I know that true parameter for sex is 0.7 female and 0.3 male. I know as well that the true parameter for schooling is elementary equals 0.5, high school = 0.3, and college equal 0.2
I would like to have a code that could "cut" (adjust?) my dataframe to match these characteristics. I know my final dataframe will have fewer participants than my current one. I'm wondering if a for / loop solution is duable in this case.
Dat:
df2 = data.frame(
sex = rep(c("m","f"),135),
schooling = c("elementary","highschool","college")
)
prop.table(table(df2$sex))
prop.table(table(df2$schooling))
You could weight your observations by your desired proportions, then use dplyr::slice_sample()
:
set.seed(13)
library(dplyr)
prop_sex <- c(f = 0.7, m = 0.3)
prop_school <- c(elementary = 0.5, highschool = 0.3, college = 0.2)
df3 <- df2 %>%
mutate(wt = prop_sex[sex] * prop_school[schooling]) %>%
slice_sample(prop = 0.6, weight_by = wt)
prop.table(table(df3$sex))
# f m
# 0.617284 0.382716
prop.table(table(df3$schooling))
# college elementary highschool
# 0.2716049 0.4259259 0.3024691
Depending on the level of precision you want, you could iterate until the proportions fall within a certain tolerance of your targets.
df2 <- mutate(df2, wt = prop_sex[sex] * prop_school[schooling])
max_iter <- 1000
tol <- 0.05
for (i in seq(max_iter)) {
df3 <- slice_sample(df2, prop = 0.6, weight_by = wt)

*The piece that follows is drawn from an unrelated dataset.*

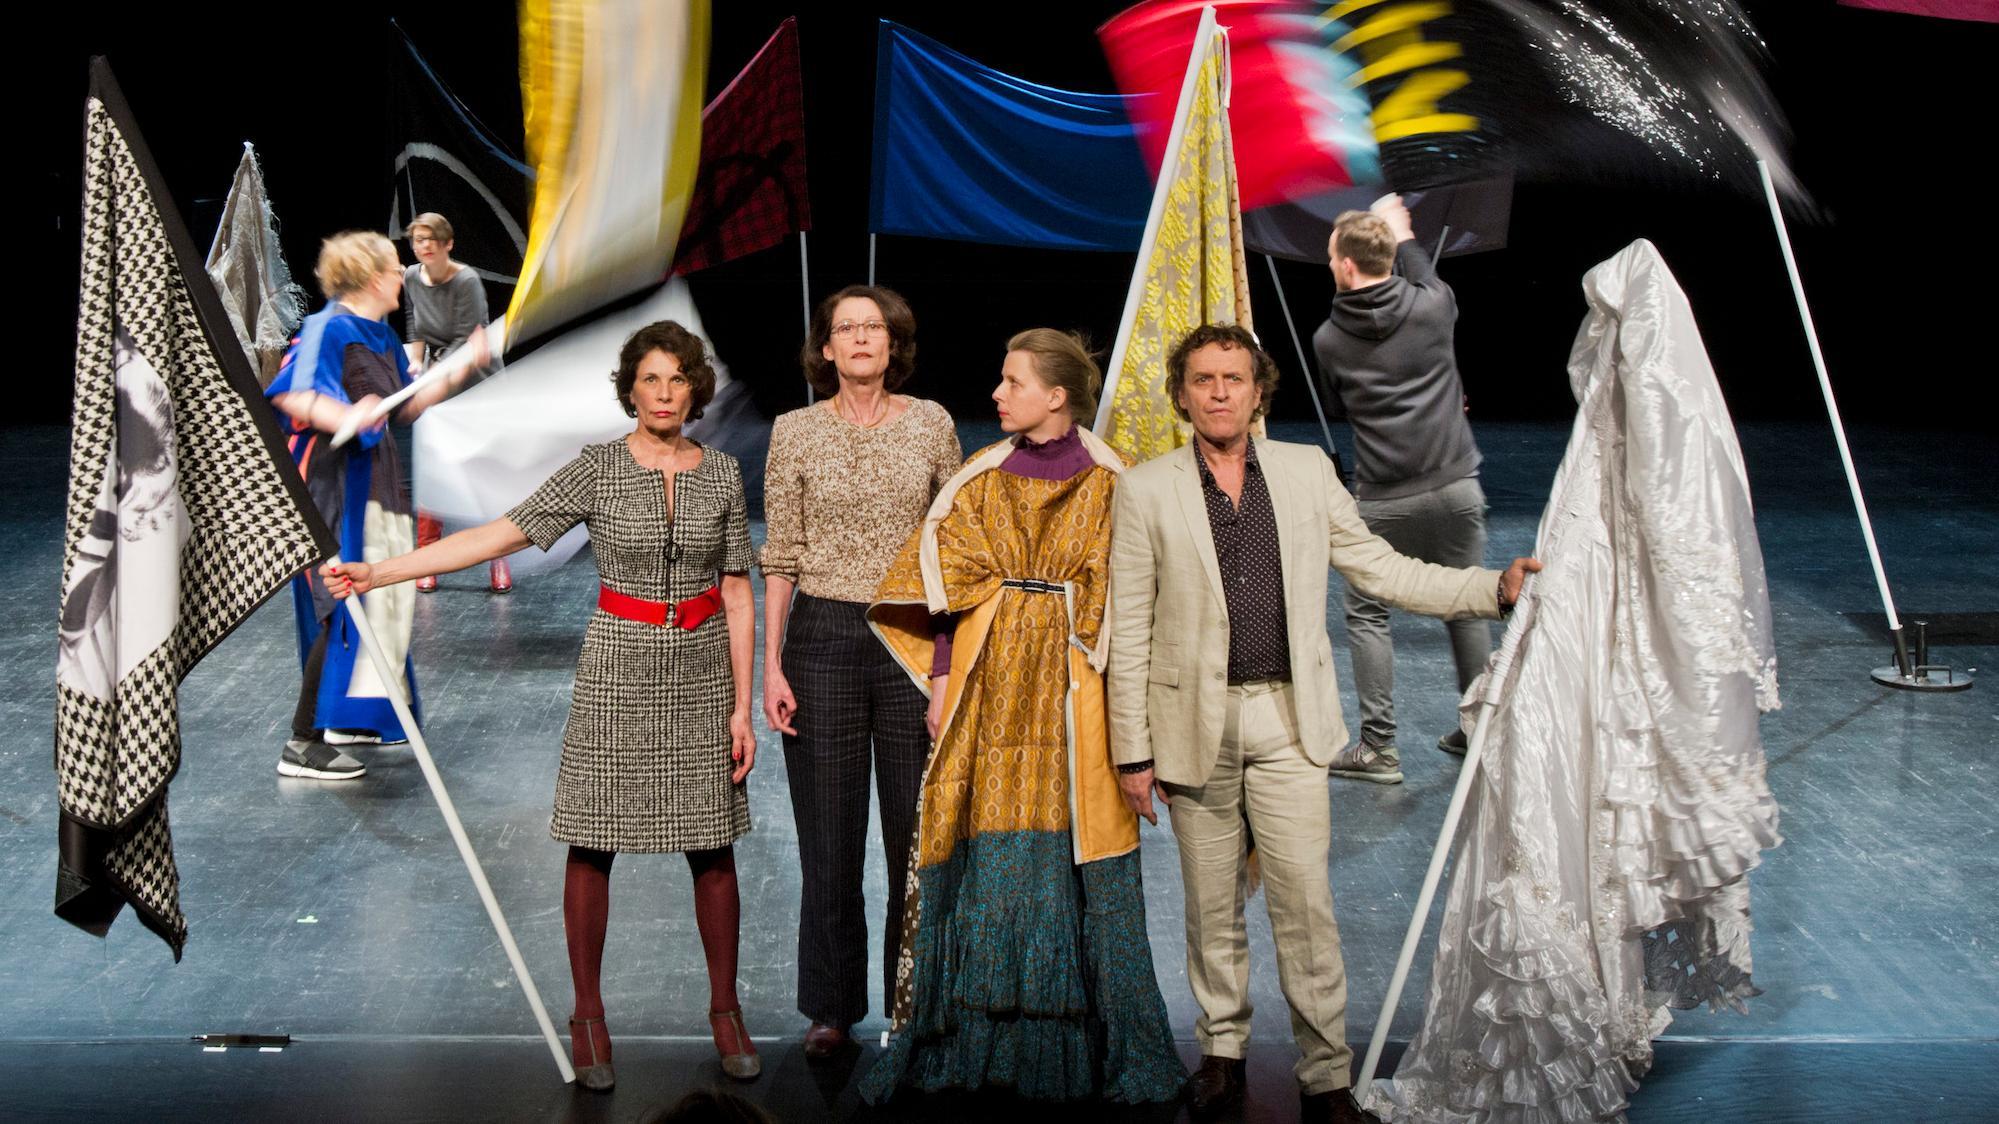 Szenenbild mit Darstellern und Fahnen

obs_sex <- prop.table(table(df3$sex))
obs_school <- prop.table(table(df3$schooling))
if (
max(abs(obs_sex - prop_sex[names(obs_sex)])) < tol &&
max(abs(obs_school - prop_school[names(obs_school)])) < tol
) break
if (i == max_iter) warning("max iterations reached")
}
prop.table(table(df3$sex))
# f m
# 0.6728395 0.3271605
prop.table(table(df3$schooling))
# college elementary highschool
# 0.2469136 0.4567901 0.2962963
You may also want to look into the survey or srvyr packages for working with weighted data.